*What is required*
Beginning with the line that has "常州沙疗床厂家直供 玉石床 热疗盐疗床 治疗风湿类风湿 养生理疗床", write out each line down to the end of the records below exactly, and include no pictures.

*Given records*
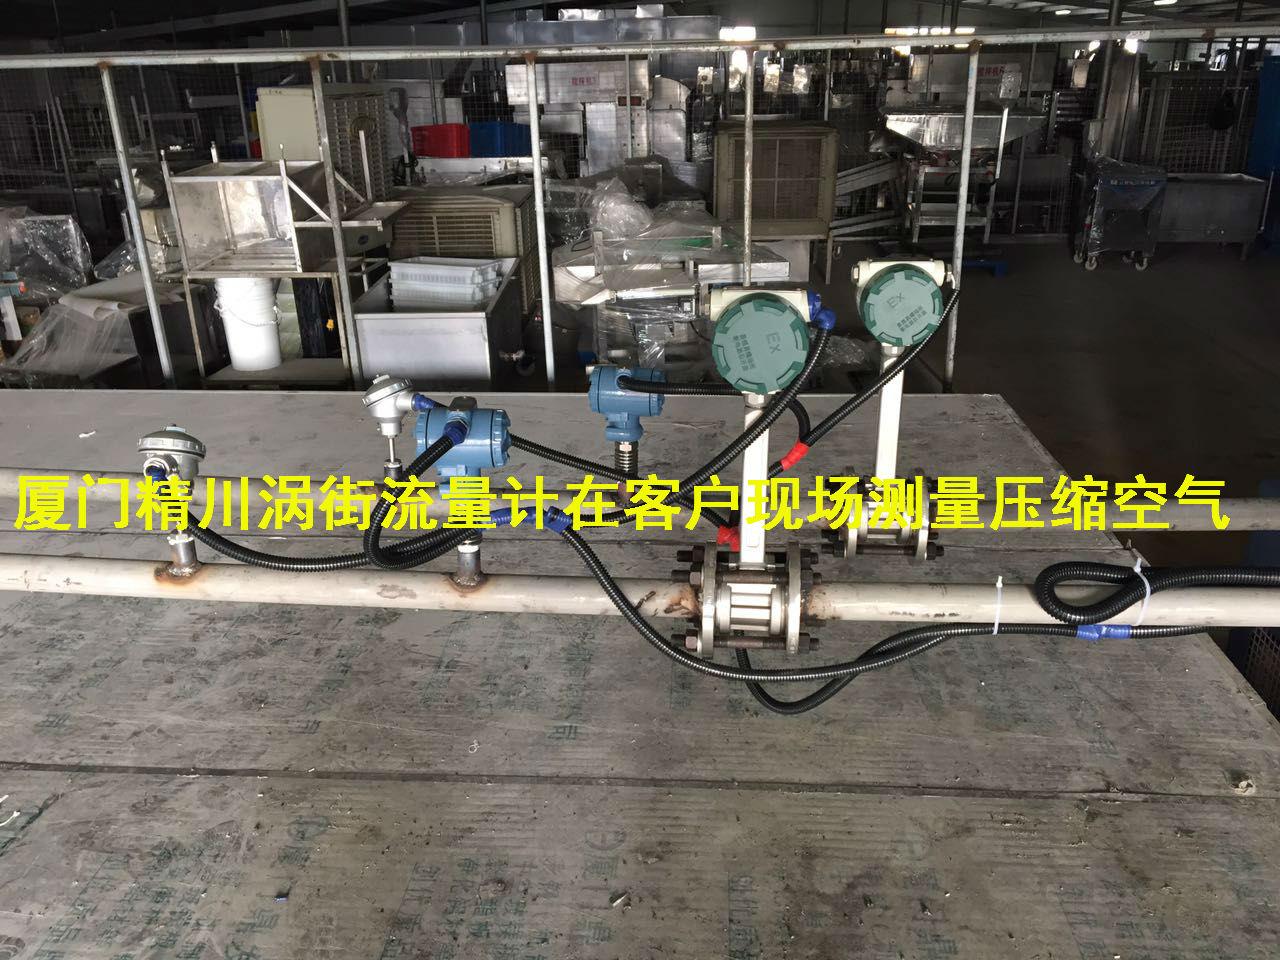 精川与食品厂合作压缩空气流量计测量效果让客户对精川刮目相看
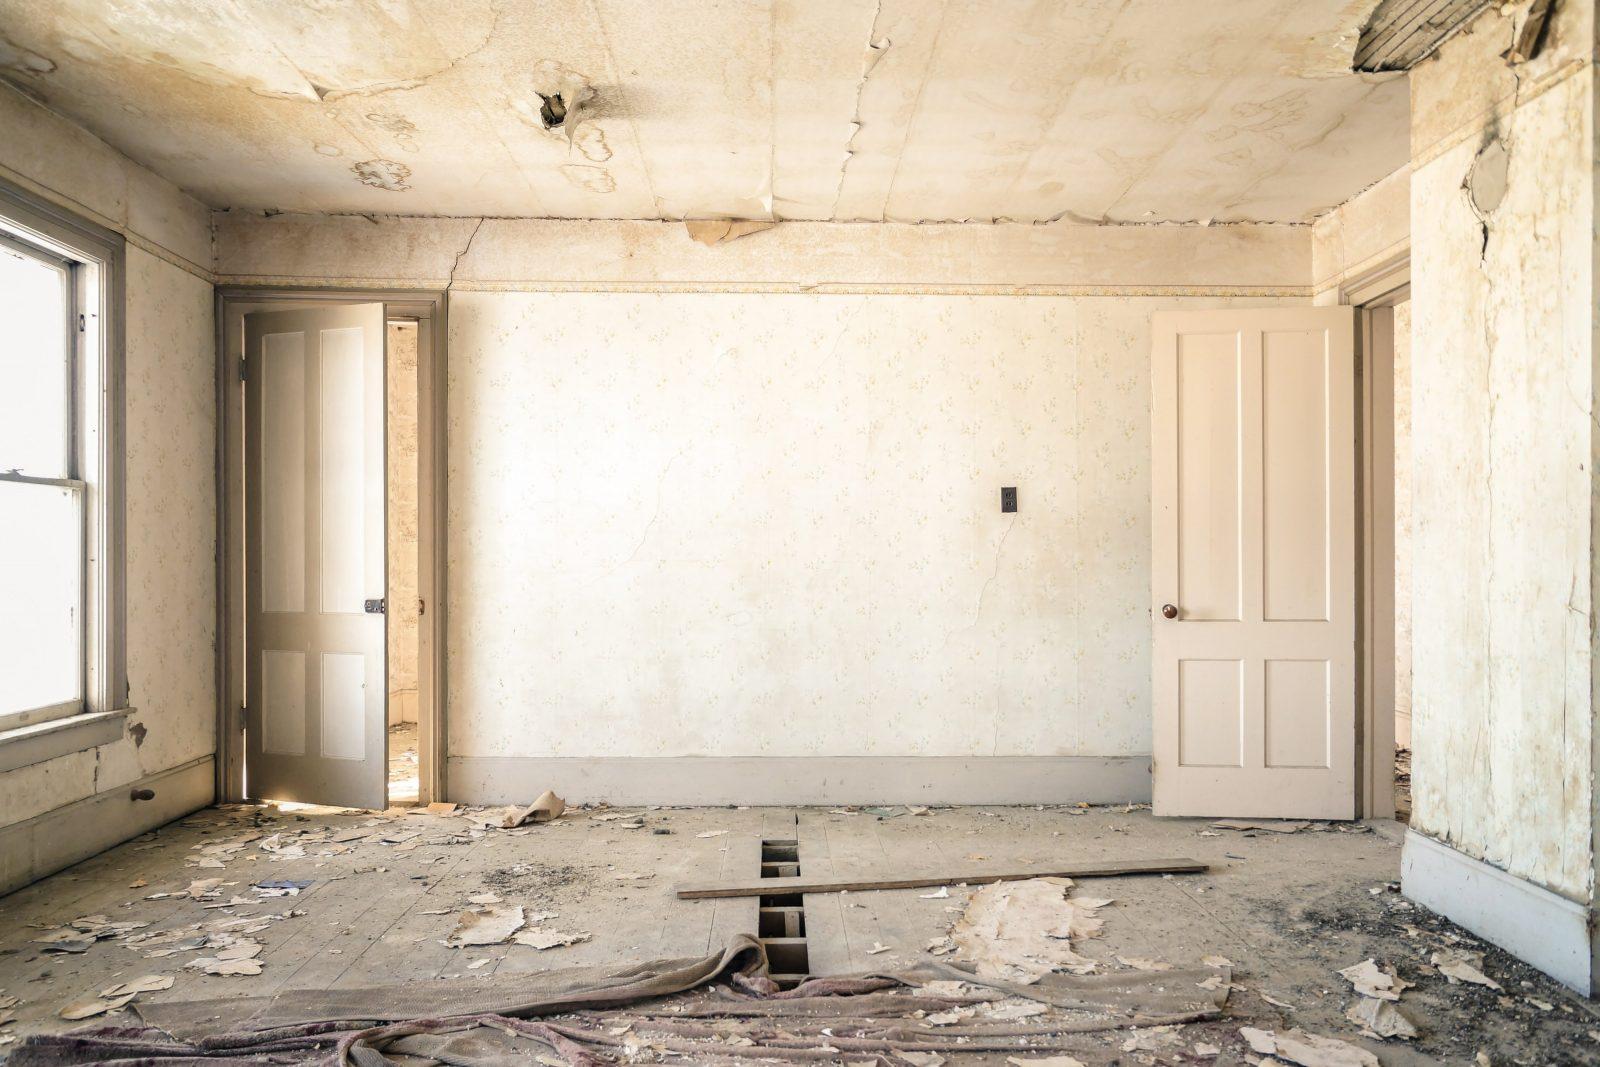 Richtige Vorbereitung Beim Wände Streichen 4 Tipps Bevor Es Los von Schöne Wände Ohne Tapete Bild
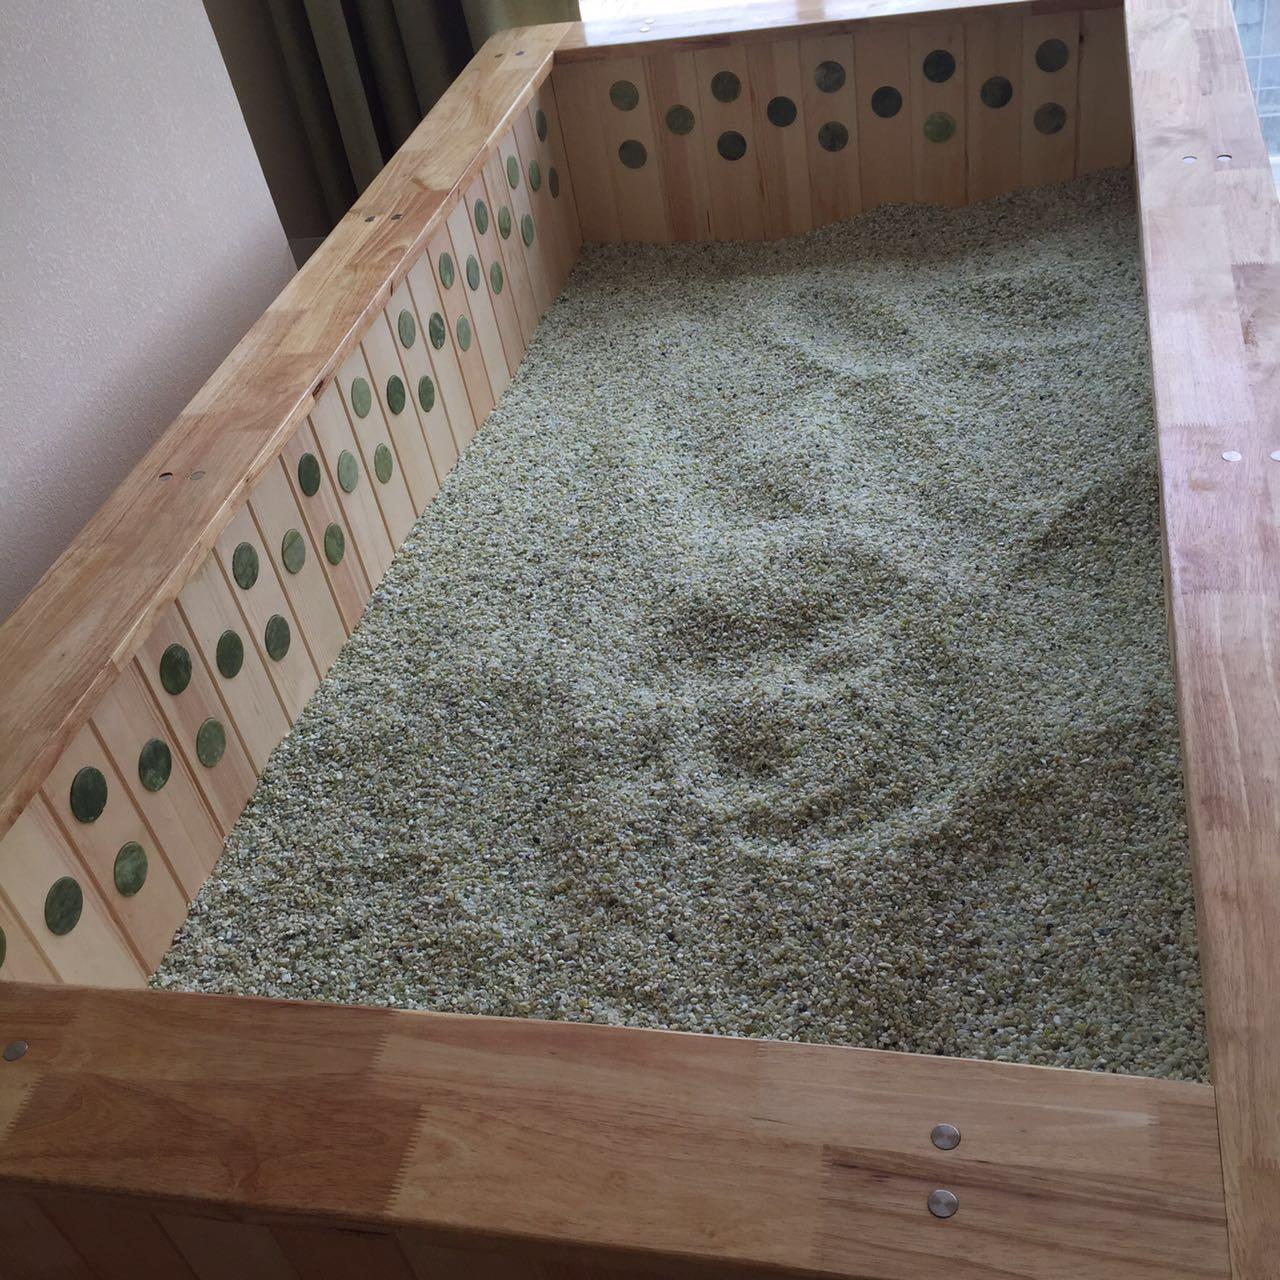 常州沙疗床厂家直供 玉石床 热疗盐疗床 治疗风湿类风湿 养生理疗床
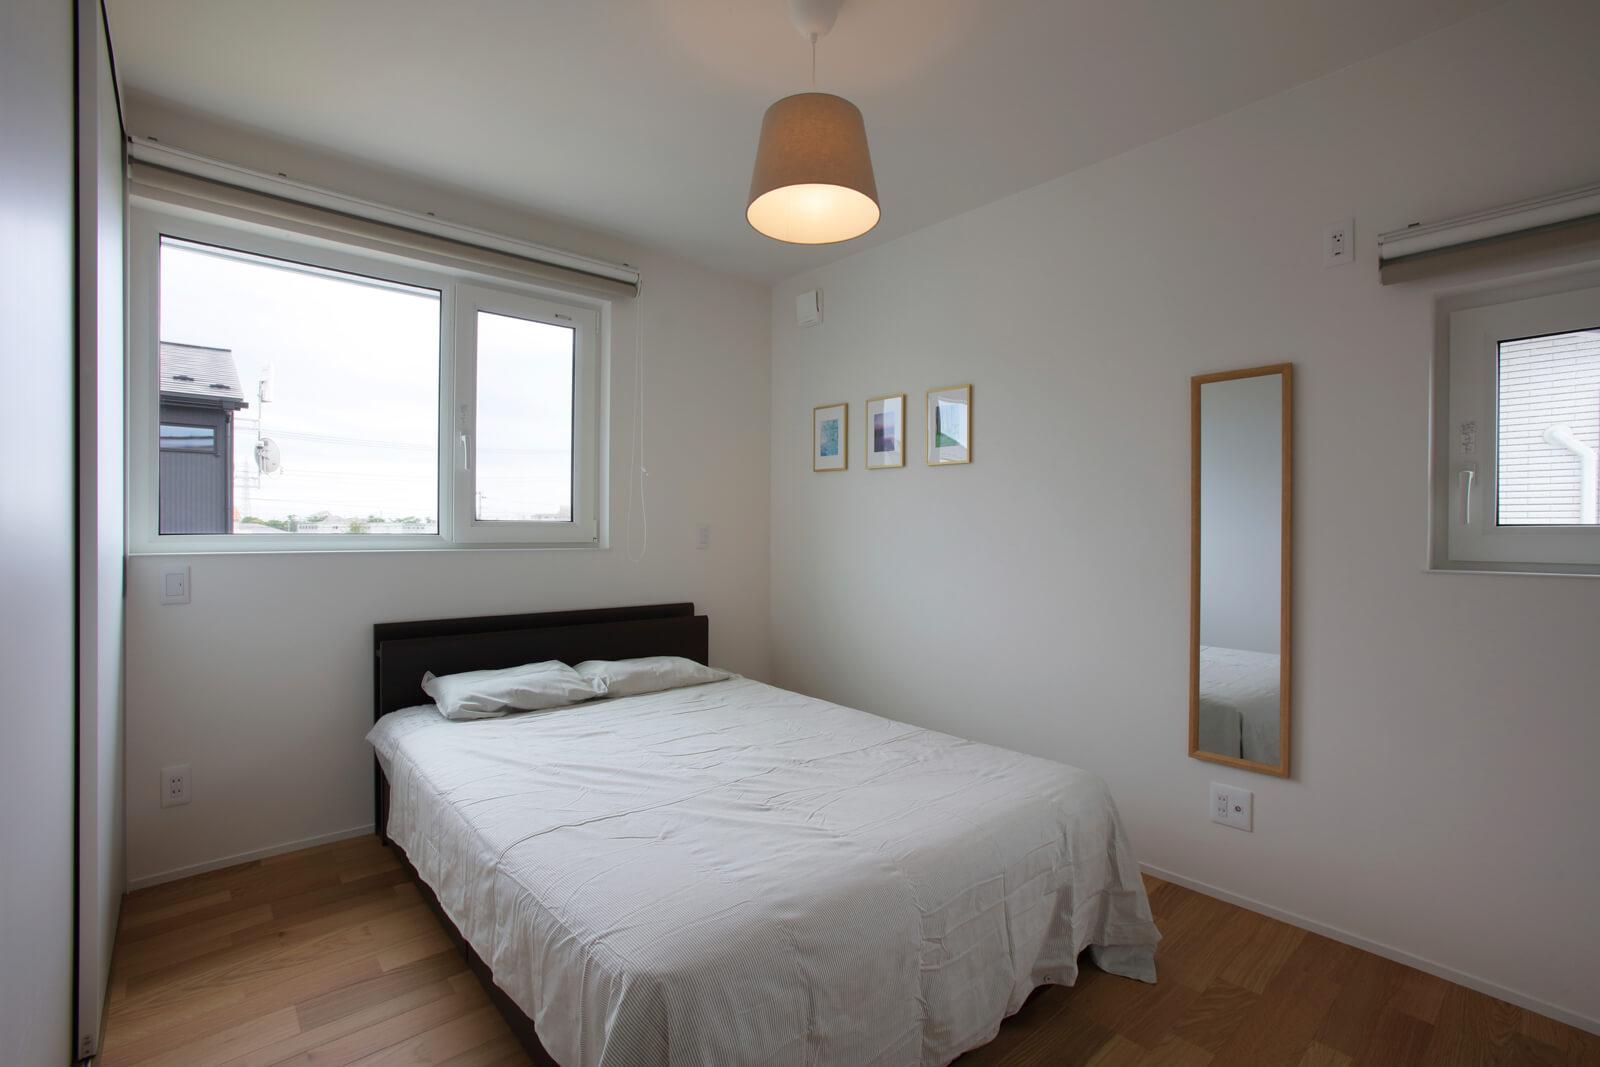 装飾は控えめにし、落ち着きのある空間に仕上げた主寝室は、南向きなので朝陽とともに心地よく一日を始められる
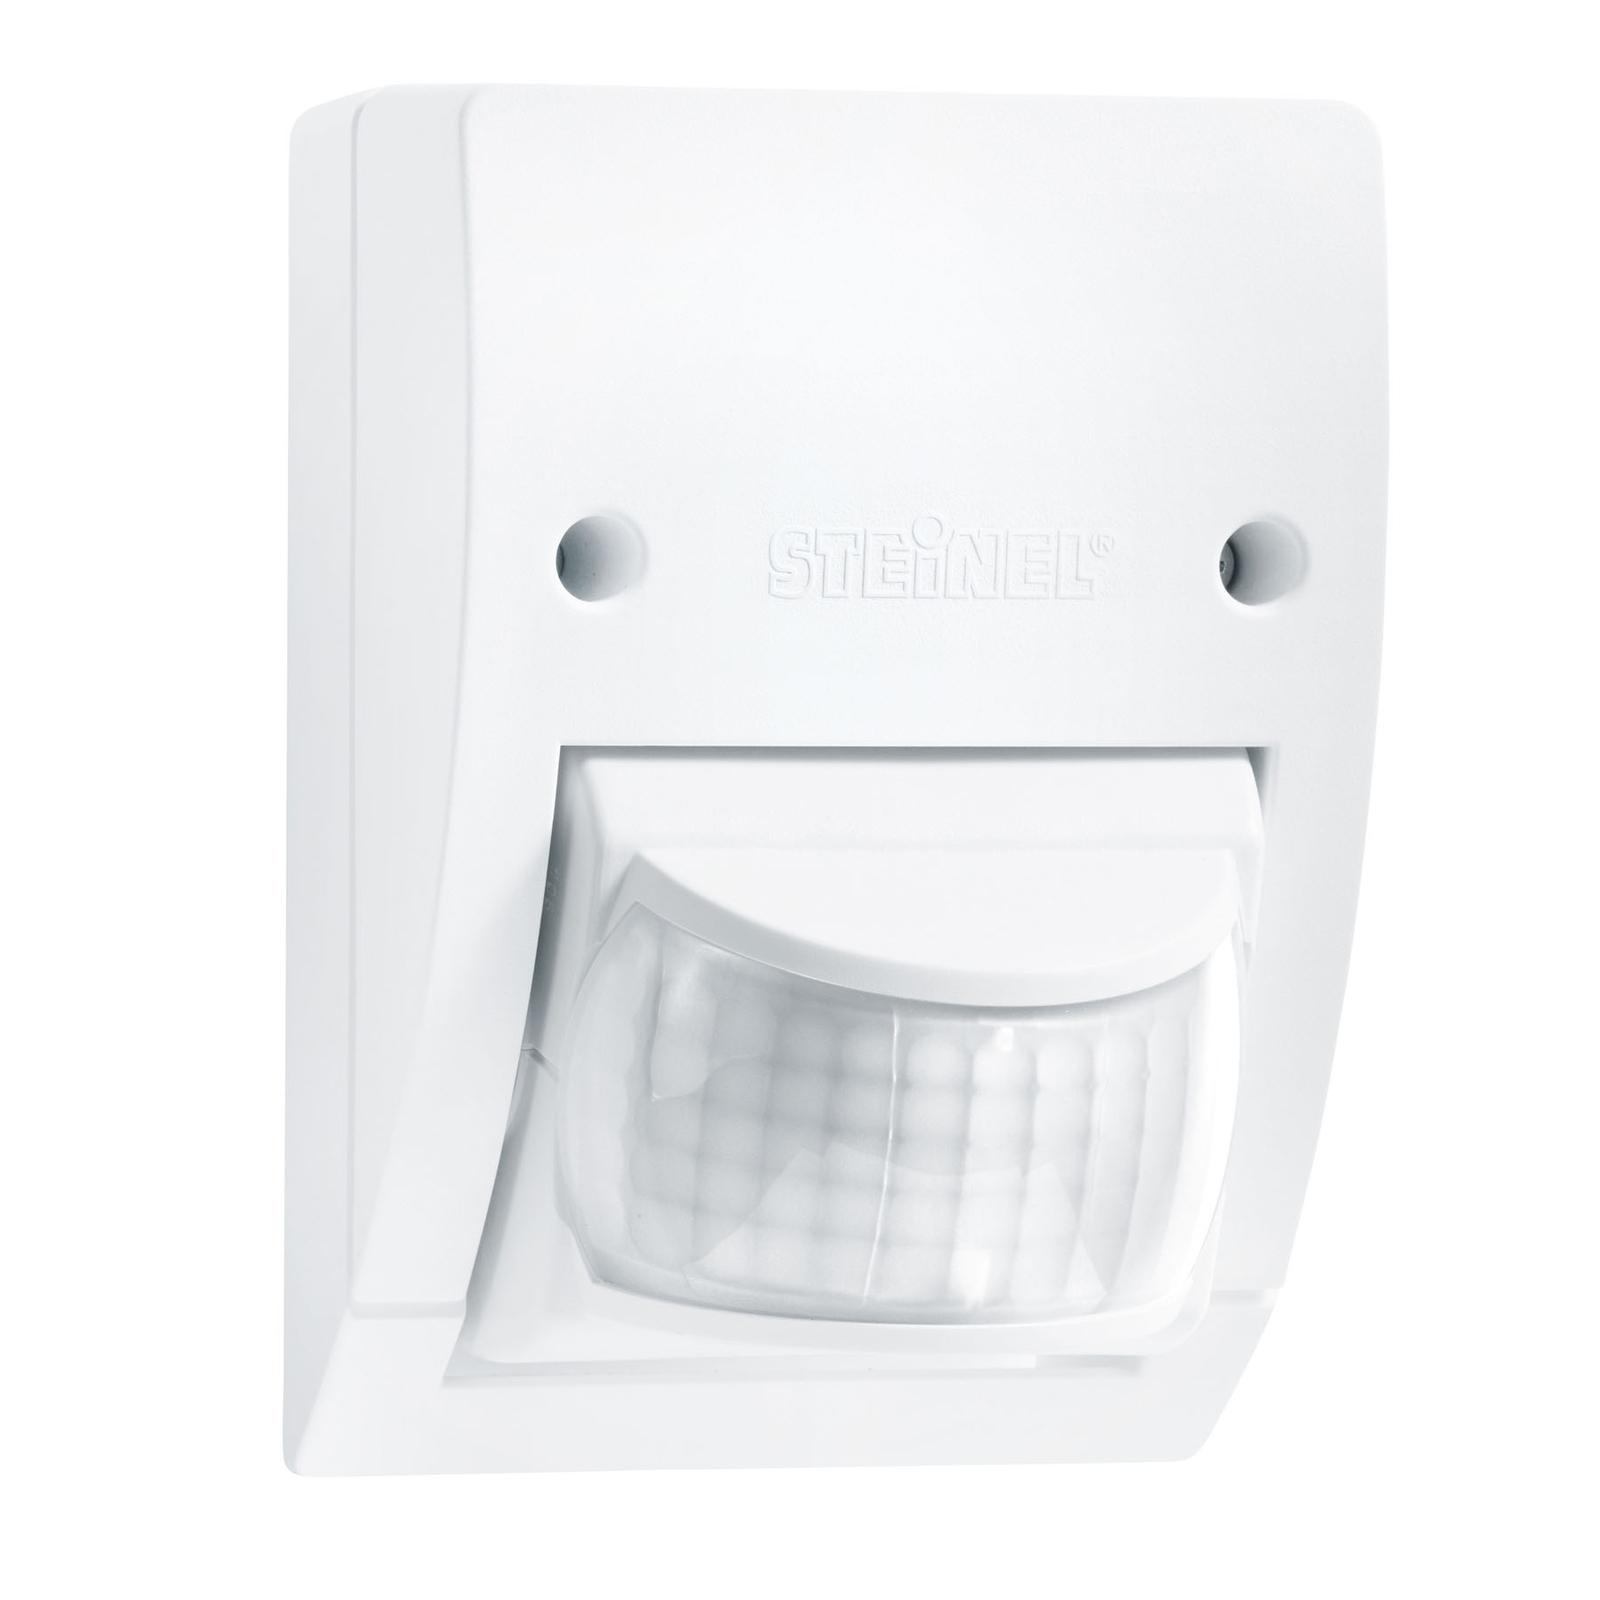 STEINEL infrarød veggsensor IS 2160 ECO, hvit

*Solution for this task*
 常州沙疗床厂家直供 玉石床 热疗盐疗床 治疗风湿类风湿 养生理疗床
 装飾は控えめにし、落ち着きのある空間に仕上げた主寝室は、南向きなので朝陽とともに心地よく一日を始められる
 STEINEL infrarød veggsensor IS 2160 ECO, hvit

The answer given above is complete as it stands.